Hackney’s transport boss Cllr Jon Burke. Photograph: Hackney Citizen

Guidance for councils on parking controls during the pandemic issued by the Local Government Association, London Councils and the British Parking Association has been slammed as an “unworkable mess” by Hackney’s transport chief.

Local authorities are advised by all three organisations that “the majority” of parking enforcement should cease during lockdown, with officers told to focus on providing help and advice as to where people can and can’t park, as well as to encourage poorly parked vehicles to move rather than issuing parking tickets.

Councils are further encouraged to focus any enforcement activity on “obstructive or dangerous parking” with significant impacts on safety and access for emergency services, including junction yellow lines, loading restrictions or obstruction of dropped kerbs.

Cllr Jon Burke, who leads on transport for Hackney, said: “Our system is much more robust than the one they’re suggesting other local authorities employ.
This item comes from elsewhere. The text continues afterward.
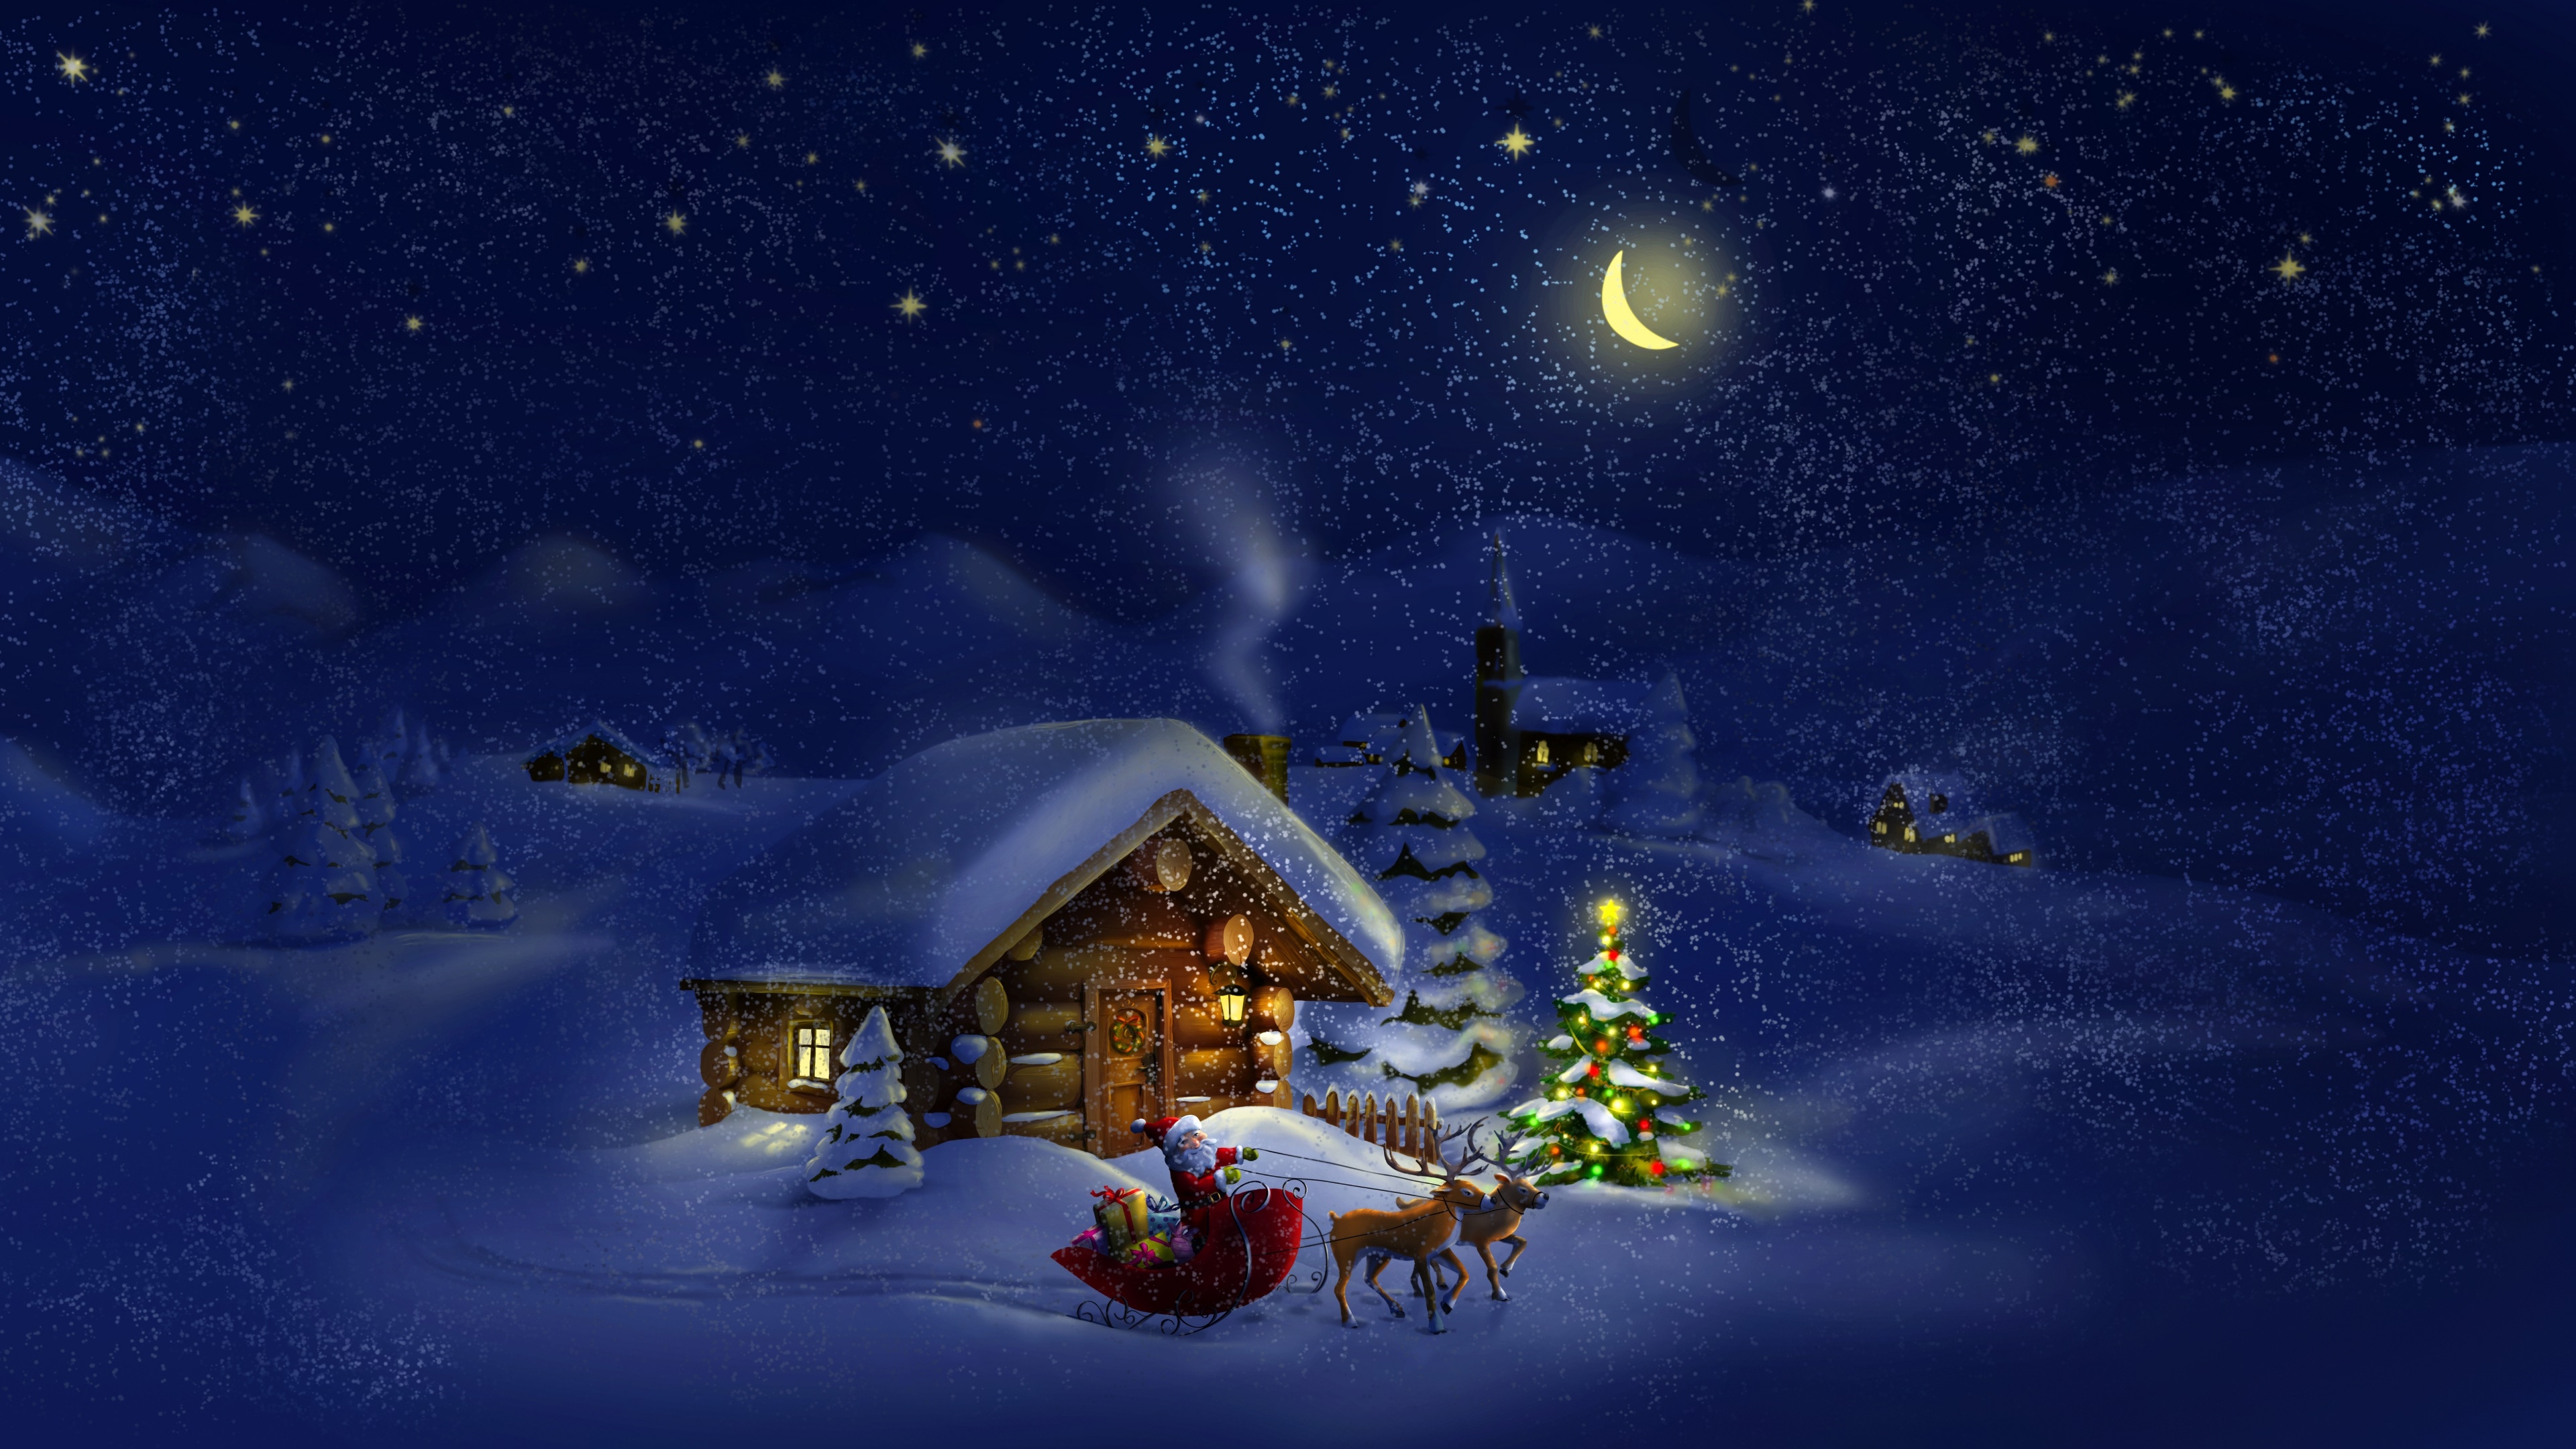 Hãy cùng đắm chìm vào không gian Giáng sinh đêm muộn đầy mơ mộng với hình ảnh đặc biệt. Một không gian đầy ấm áp và hạnh phúc đang chờ đón bạn. Những khung cảnh đẹp như tranh vẽ, làm say mê những ai yêu thích không khí Giáng sinh đầy lãng mạn và mơ mộng.

We’ll be continuing to follow our system, because this is an unworkable mess. They’re calling on boroughs to free up space for key workers, but to abandon parking controls as well.

“The whole basis upon which we’ve been able to provide over 2000 parking exemptions to keyworkers and frontline staff is because those limited spaces that are available in the borough are kept clear for those people.

“This guidance encourages us to turn the role of parking enforcement on its head, which is to tell people who we do not want driving into this borough and parking here where they can go and find spaces elsewhere in the borough. We don’t want them to park here in the first place.”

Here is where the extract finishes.